N.Y. Fed’s Williams says it could start trimming the balance sheet
Key takeaways:
- According to the New York Fed chair John Williams, the Federal Reserve may start trimming its balance sheet shortly after its May 3-4 meeting to manage inflation dangers.
- Inflation running at 6.5%, more than threefold the Fed’s 2% target, is the central bank’s “greatest challenge,” according to Williams.
- Williams stated inflation might be forced higher by the conflict in Ukraine, the continuing pandemic, and continued labor and supply needs in the U.S.
The Federal Reserve may start trimming its balance sheet as shortly as its May 3-4 meeting to manage inflation risks that have become “especially acute,” New York Fed chair John Williams said Saturday.

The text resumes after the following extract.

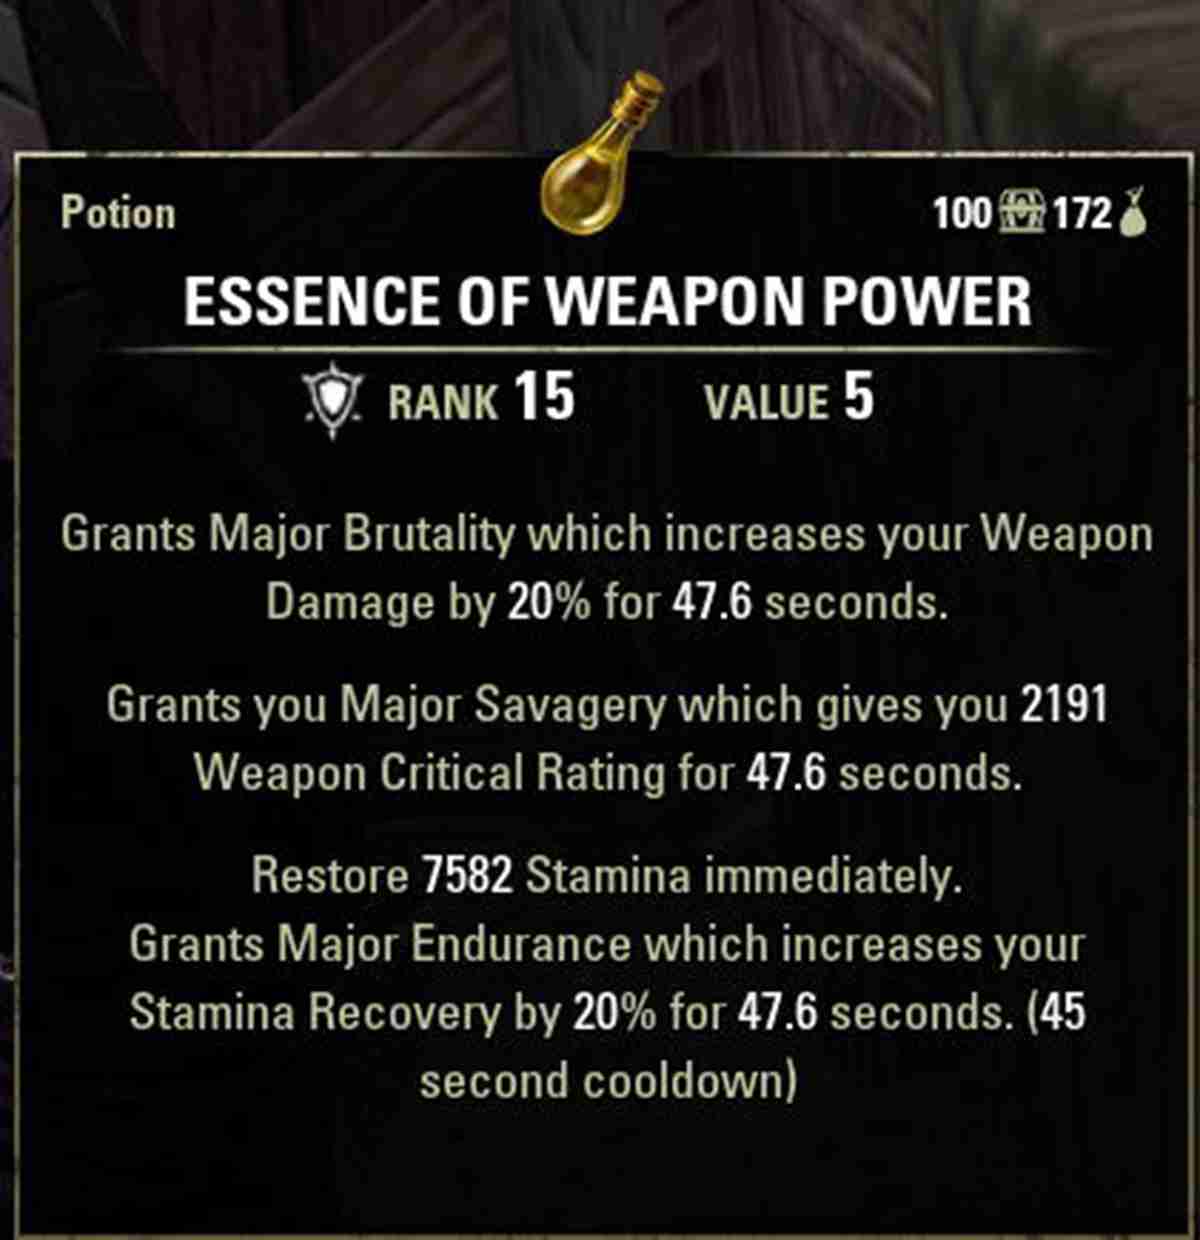 5 Best Potions in ESO - Essence of Weapon Power

With Fed rate gained underway and predicted to continue, Williams, who also has the title of vice-chair and is a permanent voter on financial policy, flagged the possibility the central bank will now start shrinking economic conditions through a second channel by allowing its almost $9 trillion portfolios of Treasury bonds and mortgage-backed securities fall each month.
“This decreasing the balance sheet size can start as soon as the May (Federal Open Market Committee) meeting,” Williams said at a meeting at Princeton University’s Griswold Center for Economic Policy Studies.
He noted inflation running at 6.5%, more than treble the Fed’s 2% mark, as the central bank’s “greatest challenge,” with inflation potentially pushed higher by the battle in Ukraine, the ongoing pandemic, and persisted labor and supply shortages in the U.S.
“Hesitation regarding the economic outlook stays extraordinarily high, and risks to the inflation outlook are mainly acute,” Williams said.
However, he said he anticipated the combination of rate increases and balance sheet drop to help reduce inflation to approximately 4% this year and “close to our 2 percent longer-run goal in 2024” while keeping the economy on track.